The last shot would always be what happened to create the shot that led in. In that case, a beautiful young woman, dead and battered to a pulp on the ground. Back up and you see the heavy stones scattered around her. Back up further you see the men who had done it, in some cases members of her own family, walking away.

"We are . . . The Last Centurions."

In a way, this whole . . . huge fucking time-waster I've been writing is a written version of The Last Centurions.

It was also a living record of our time of suckage.

It spawned a whole fucking industry. Everybody tried to copy us. "Realer reality TV" whatever that means. But a story like the Ten Thousand, or The Last Centurions, is hard to beat. That's why it's been so popular over the centuries in the first place.

And everybody tried to figure out what the picture meant.

Understand, we'd send Skynews the picture and the "false" voice-over as soon as we had the script. And they'd tend to play it over and over. There wasn't much else new in programming at the time. After the first few, it got picked up by Fox News then Fox Network then a couple of minor networks that were holding on and finally it was even on ABC.

And it became, like, the standard water-cooler (actually, food line at the time) conversation.

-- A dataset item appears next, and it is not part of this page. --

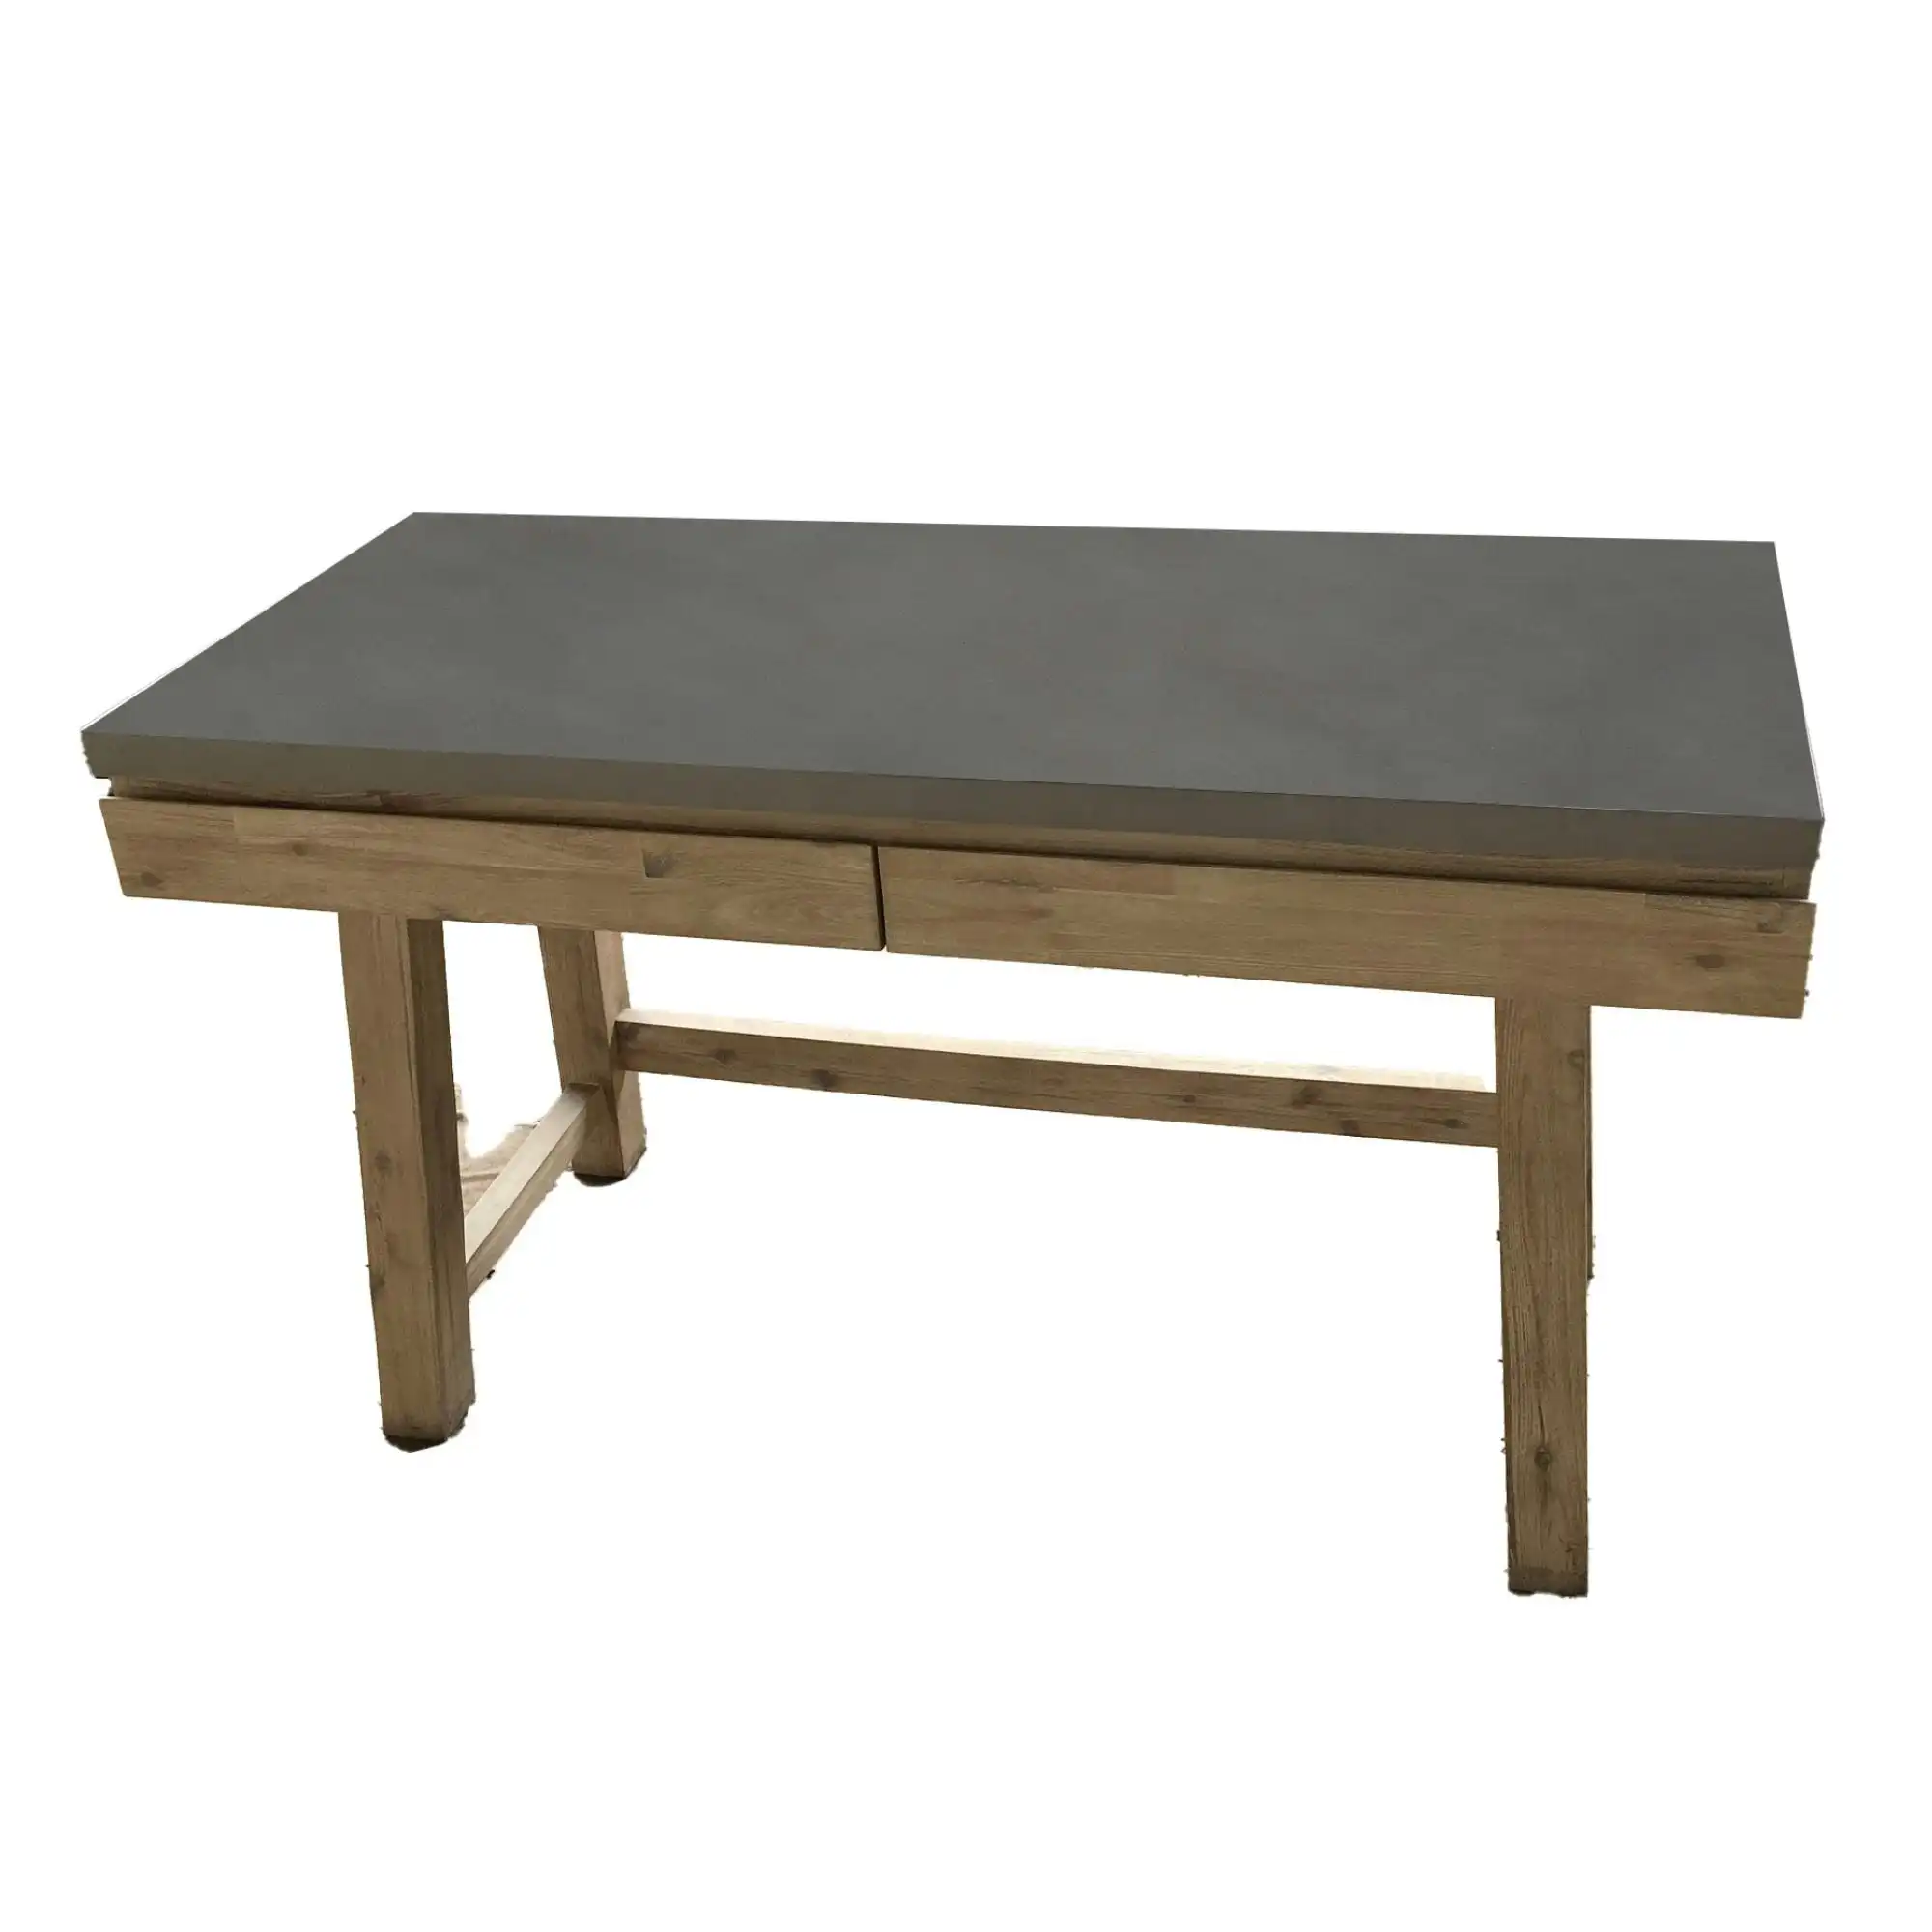 Stony 140cm Desk with Concrete Top

"I think he was a terrorist . . ."

"I think . . ." "I think . . ."

Every week it was a mystery how we were going to fool people. What the "real" story was.

Oh, there was plenty of human interest. We had interviews and clips of just about everyone in the unit pretty quick and kept them up. There was a hard-hearted reason for that. When it involved the death of one of the troops, having file footage helped.

We could never go back and reshoot. The takes that we had were everything there was. Going back was rarely an option.